A baseball player leads off the game and hits a long ball to right field. The ball leaves the bat at an
angle of 30.0o from the horizontal with a horizontal velocity of 40.0 m/s. How far will it travel in the air?

2) person throws bottle straight up in the air at velocity of 15m/s . How high is the bottle after 2 secs

Homework Equations



Vy=Vyi +gt
Vy=Vyit +1/2gt^2

The Attempt at a Solution


I found the time in total to be 4.08. However this is asking time IN the air. Isn't that different from finding Vxi and multiplying by time ? How do I find it?

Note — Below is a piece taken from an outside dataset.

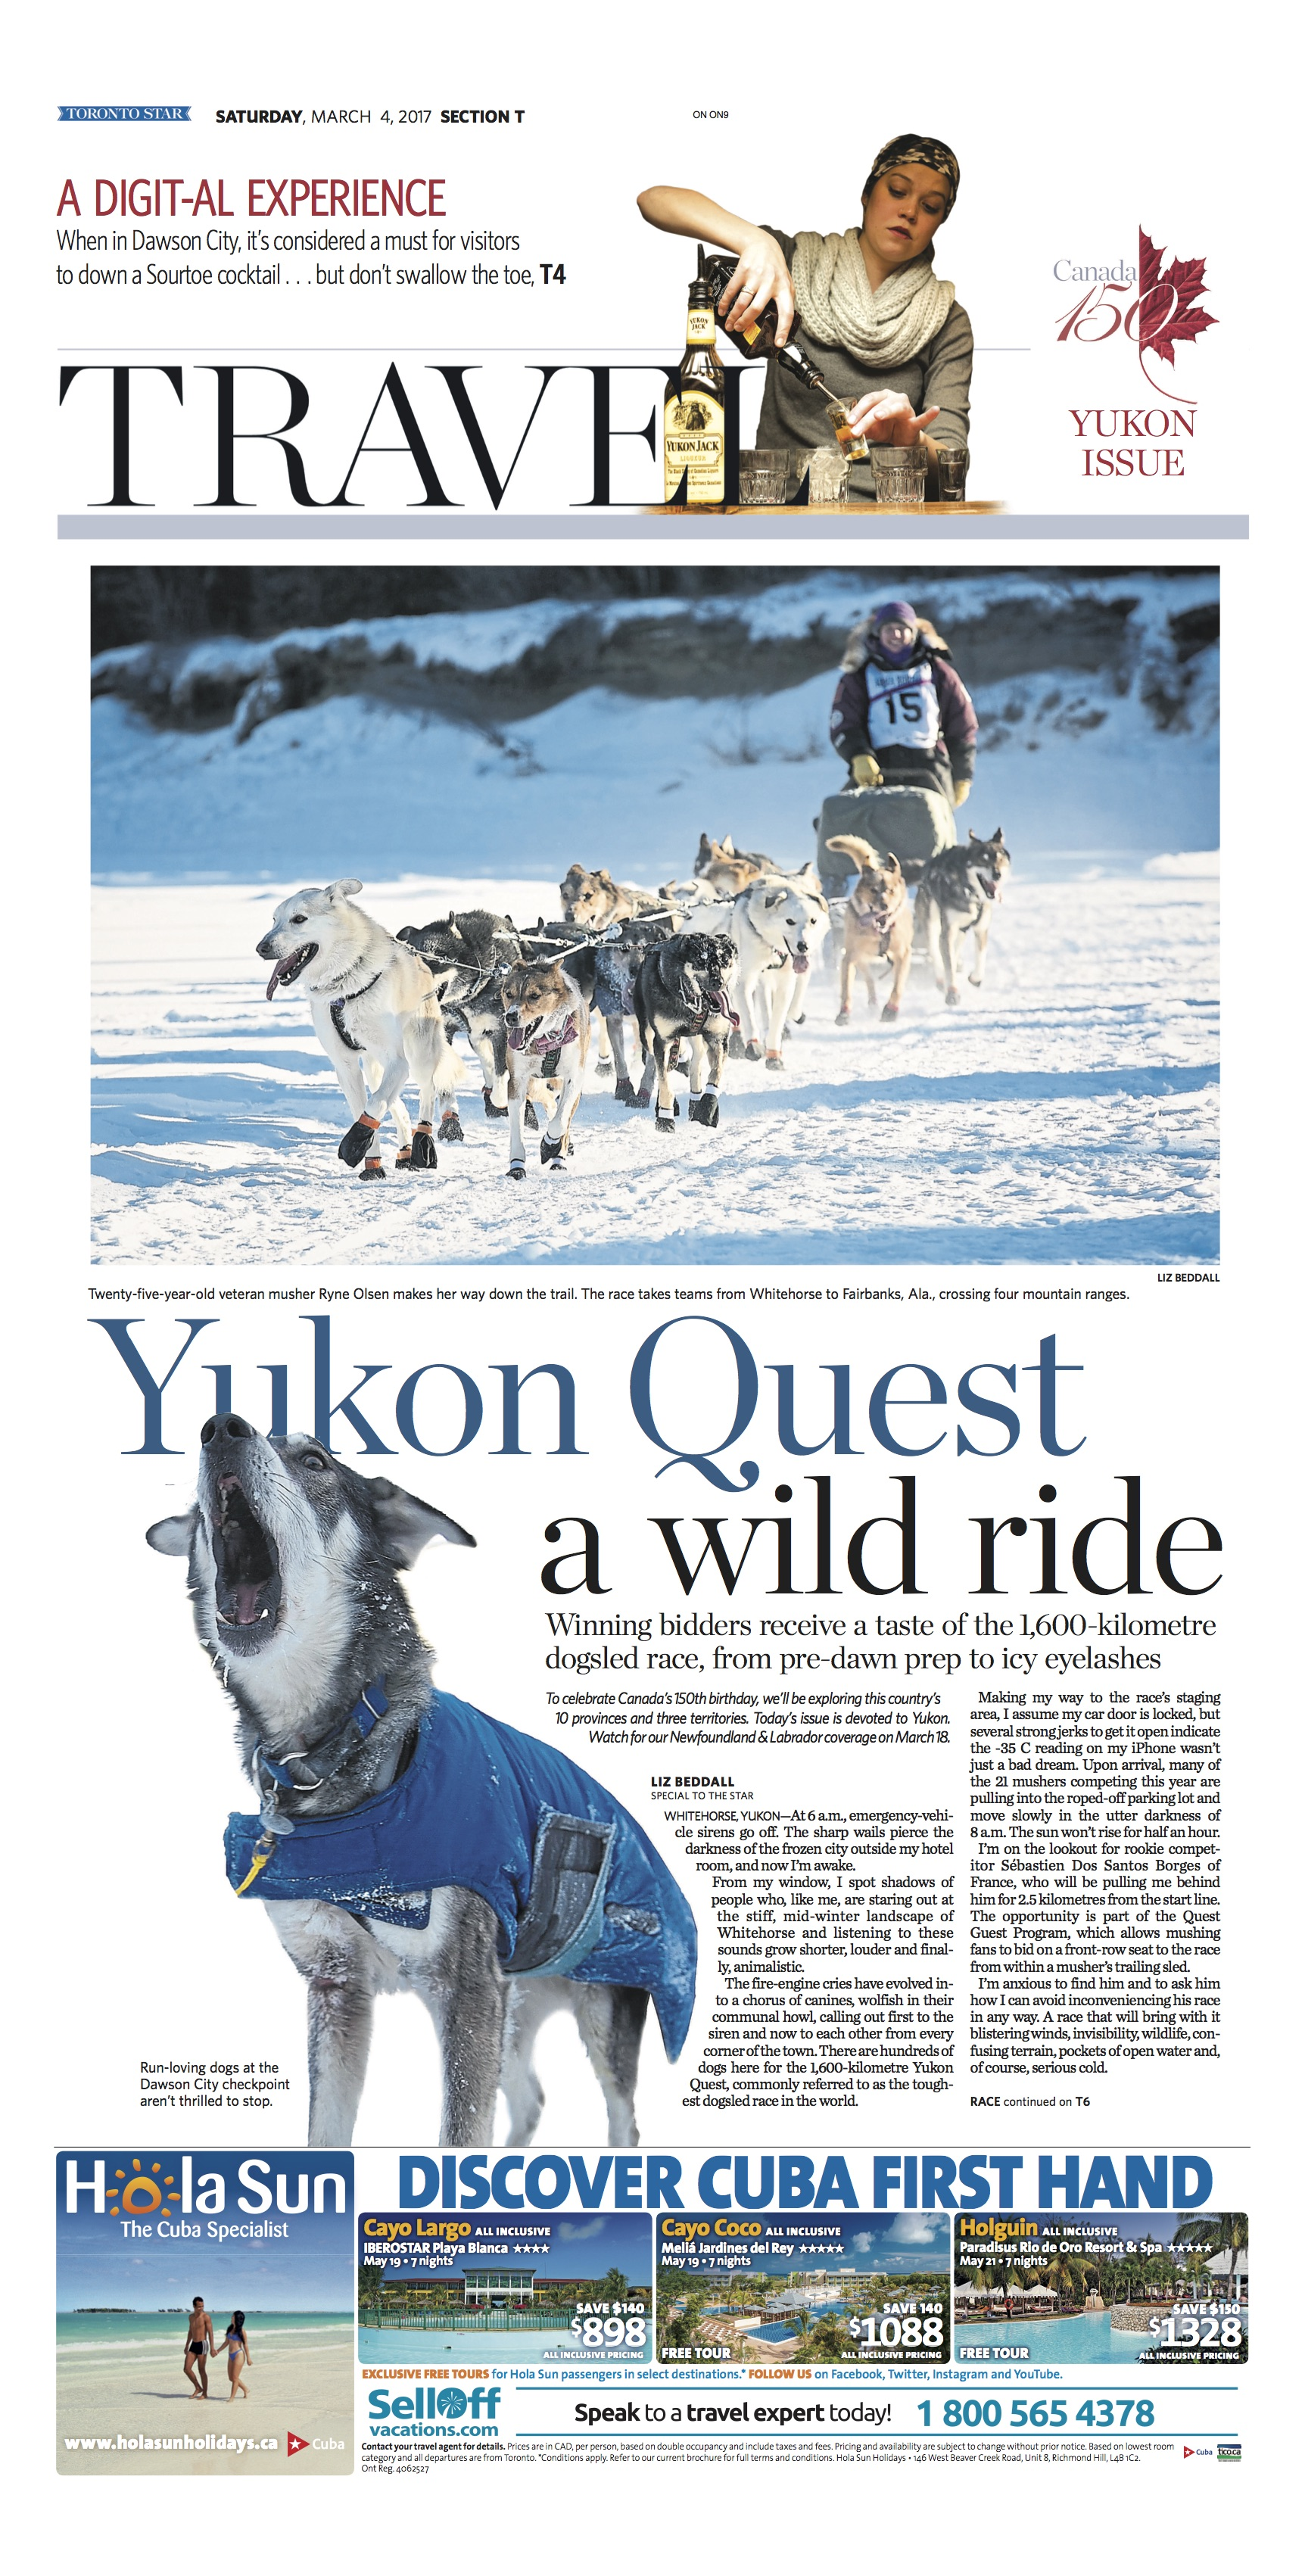 Whitehorse, Yukon: Mar. 4, 2017

2)can I use by y=15m/s* 2+1/2* 9.8m/s^2 * 2
Is that correct?

For (1), can you give details on how you found the time? Your value doesn't look quite right to me. I take it from the level of question that "how far it travels in the air" is referring to the horizontal distance traveled between leaving the bat and first hitting the ground.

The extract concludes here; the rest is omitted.